“你你你……你有病吧!”她红着脸,憋了半天才说出这么一句咒骂的话。
陆跃却更加坚定,眼里迸着光:“真的!你打我一顿,想怎么打怎么打,打到消气为之!”
谭宁看着他坚定到仿佛要入党的眼神逐渐冷静下来,试探性的问道:“真的?”
有颗尖牙从她嘴角漏出,陆跃挠了挠后脑勺,突然之间语气和脚步都同样虚浮起来:“真…真的啊。”
“行。”
陆跃错愕地看向她,没想到她会一口答应下来。谭宁也不跟他废话,眼看着拳头马上就要招呼过来……
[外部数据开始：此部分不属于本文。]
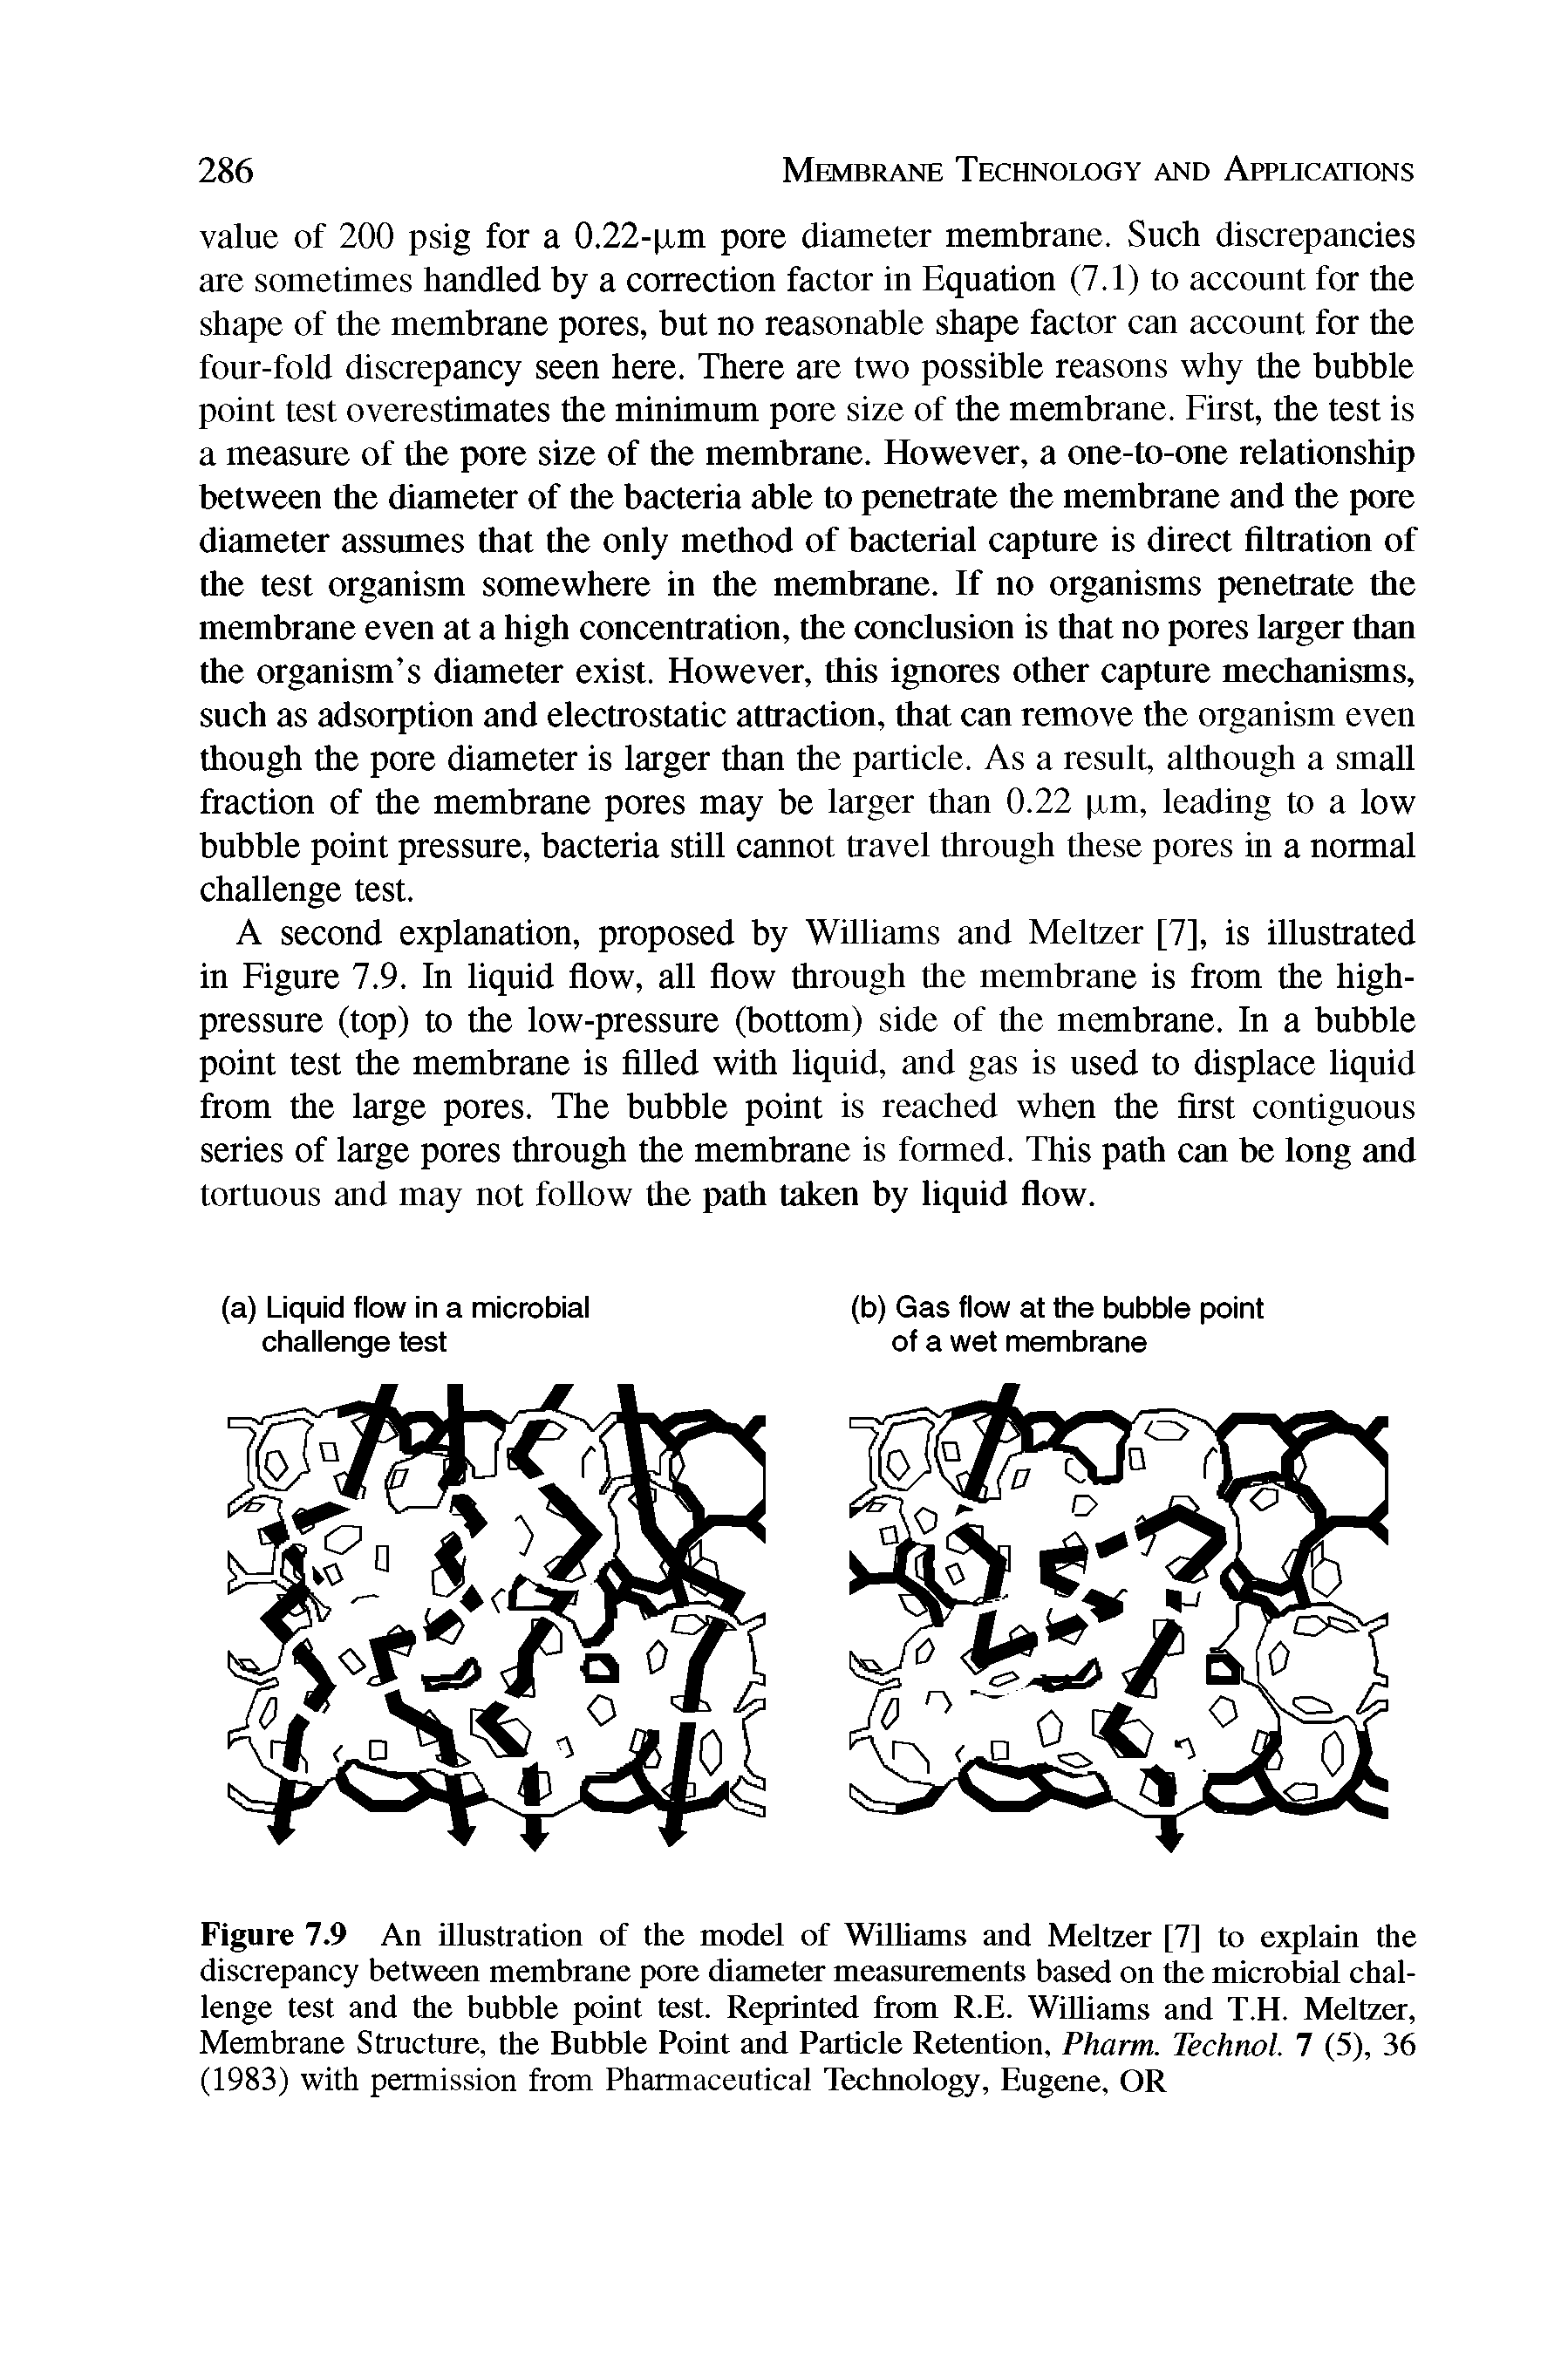 Figure 7.9 An illustration of the model of Williams and Meltzer [7] to explain the discrepancy between membrane pore diameter measurements based on the microbial challenge test and the bubble point test. Reprinted from R.E. Williams and T.H. Meltzer, Membrane Structure, the Bubble Point and Particle Retention, Pharm. Technol. 7 (5), 36 (1983) with permission from Pharmaceutical Technology, Eugene, OR...

“哎!”陆跃下意识用手肘挡了一下:“等等,等等……”
“嗯?”
陆跃知道今天无论如何是躲不过这一遭了,反正早晚都要面对,长痛不如短痛,不管了。
只是……
陆跃缓缓放下手臂,商量的语气:“提前说好,咱别打脸行吗?”
“呵呵。”
谭宁不答,嘴角勾出一抹神秘莫测的笑。下一秒,她的飞腿以迅雷不及掩耳的速度向他的屁股精准打击上来,伴随着骤然袭来的强烈顿痛,陆跃一个没稳住,直直地向前倒去。
“啊啊啊啊!”
陆跃堪堪撑住墙壁才没让自己摔个狗吃屎,这一击疼得眼泪四溅,大声叫唤出来。
顿时心生悔意,又不是没见识过谭宁的力气,怎么就好了伤疤忘了疼呢?
看他疼得双腿发抖,谭宁有种浑身的毛孔都被打开般的痛快,肉与肉之间的搏斗会让人上瘾,她冲上前抓住陆跃的后衣领,一把将他扯了起来。
谭宁将他从上往下扫视了一遍,这次打哪里呢?
游离的冷峭目光停滞在他的小腹处,在陆跃的视角下,那是一个相当危险的地方。再稍稍往下一寸,便是他身为男人此生要拼命守护的尊严。
那一瞬间,陆跃眼中飞速闪过鸡飞蛋打的画面,想象的疼痛比拳头更快向他袭来。
不要……不要……不要……
“别!!!”
巷子里响过一道如同惊雷般的哭喊声,陆跃用双手死死护着他的尊严,紧闭双眼,膝盖相对,差点向她跪下。
“我错了!”陆跃哆哆嗦嗦的睁开眼,用祈求的眼神看向她:“放过我吧……”
这绝对算得上陆跃此生最窝囊的时刻,哪怕是被陆继年拿着皮带抽打,他也未曾掉过一滴眼泪,喊过一声疼痛。